Synopsis: This research aims at innovation in multimodal single- molecule manipulation/imaging method through integration of holographic optical tweezers, super- resolution fluorescence microscopy, single-particle tracking, and surface-enhanced Raman spectroscopy to investigate key metabolic processes in live plant cells. This novel approach will reveal in vivo plant cell wall polysaccharides synthesis processes in unprecedented molecular detail through the simultaneous characterization of structure, dynamics, and function of single enzyme complexes as well as intracellular sugar metabolites flux. The ambitious undertaking will greatly advance the mechanistic and holistic understanding of in vivo cell wall synthesis and deconstruction, which will accelerate the development of better transgenic crops for bioenergy applications. This pioneering work will also have broader transformative impacts on cell and molecular biology fields by paving the way for multimodal single-molecule studies in native cellular environments. This project is a collaboration with Oak Ridge National Laboratory. 

Multi-Modal Imager of Metabolome and Enzyme Dynamics for Co- Optimizing Yields and Titers in Biofuel Producing Microorganisms 

Andreas E. Vasdekis, University of Idaho 

Synopsis: The ultimate goal of this proposal is to develop imaging approaches enabling replacement of petroleum-derived fuels with plant-product derived biofuels via meeting the grand challenge of co-optimizing production titers and yields by metabolic engineering. This challenge emerges because introducing new synthetic pathways or debottlenecking existing ones often leads to non-optimal metabolic trade-offs between growth and production, thus hindering the improvement of production without disrupting growth.
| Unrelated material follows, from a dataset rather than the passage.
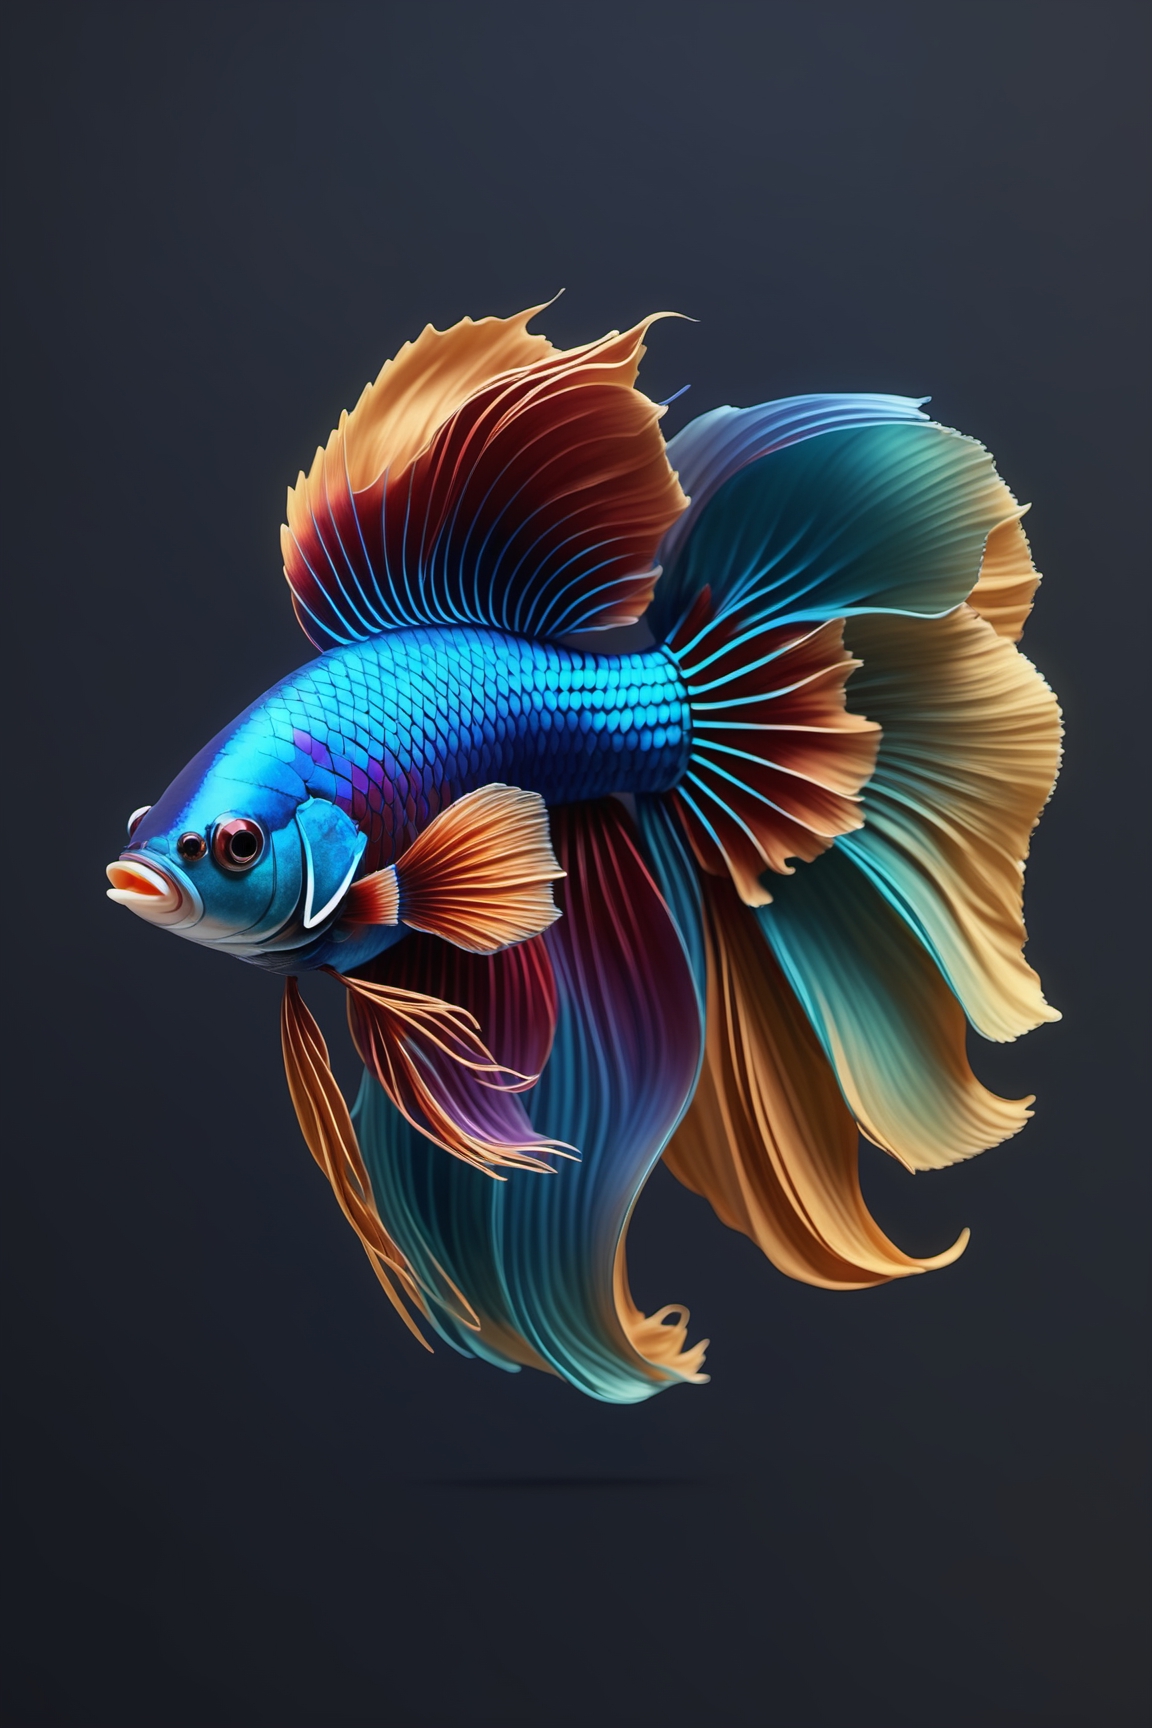 100+ Betta Fish Pictures | Download Free Images on Unsplash

While predicting the genome-wide interactions between growth and productivity remains a central theme of systems-biology, another and considerably less understood issue pertains to how the compartmentalization of metabolic pathways can impact metabolic trade-offs. The project will develop a new imaging system that couples holographic imaging (to measure dry weight/mass of subcellular components) with lattice-light sheet-based fluorescence and Raman imaging (in a single instrument) to measure metabolic pathway localization, precursor utilization, and triacylglycerol (a fatty acid derivative) accumulation. The instrument will enable quantifying key performance metrics in biofuel production with single-cell resolution based upon metabolic trade-offs between growth and productivity, compartmental localization of metabolic pathways, and nutrient consumption. This project is a collaboration with Pacific Northwest National Laboratory. 

Development of broadband infrared nano-spectroscopy of biological materials in fluid 

Tina Jeoh, University of California 

Synopsis: This research aims to solve two major challenges – the mechanisms of cellulose hydrolysis by cellulases and the lack of label-free, nanometer scale and time-resolved imaging technique to study surface reactions in aqueous biological reactions. Elucidating how cellulases hydrolyze cellulosic substrates is a game-changer for the success of cellulosic biofuels and bioproducts. As the enzyme- catalyzed reactions occur at the surface of poorly characterized and complex plant cell wall matrices, the lack of means to map surface chemistry of the substrates in situ has severely hampered research progress. The development of a method that can map surface chemistry at the nanoscale over time in an aqueous reaction is a game changer not only for the study of cellulose hydrolysis reactions, but also for the study of any heterogeneous biological reaction. Thus, the goals of this research project are to overcome technological limitations to conducting detailed studies of surface reactions in aqueous biological systems with high spatial, chemical and time resolution, and to apply this method towards solving the mechanisms of enzymatic hydrolysis of cellulosic biomass. This project is a collaboration with Lawrence Berkeley National Laboratory.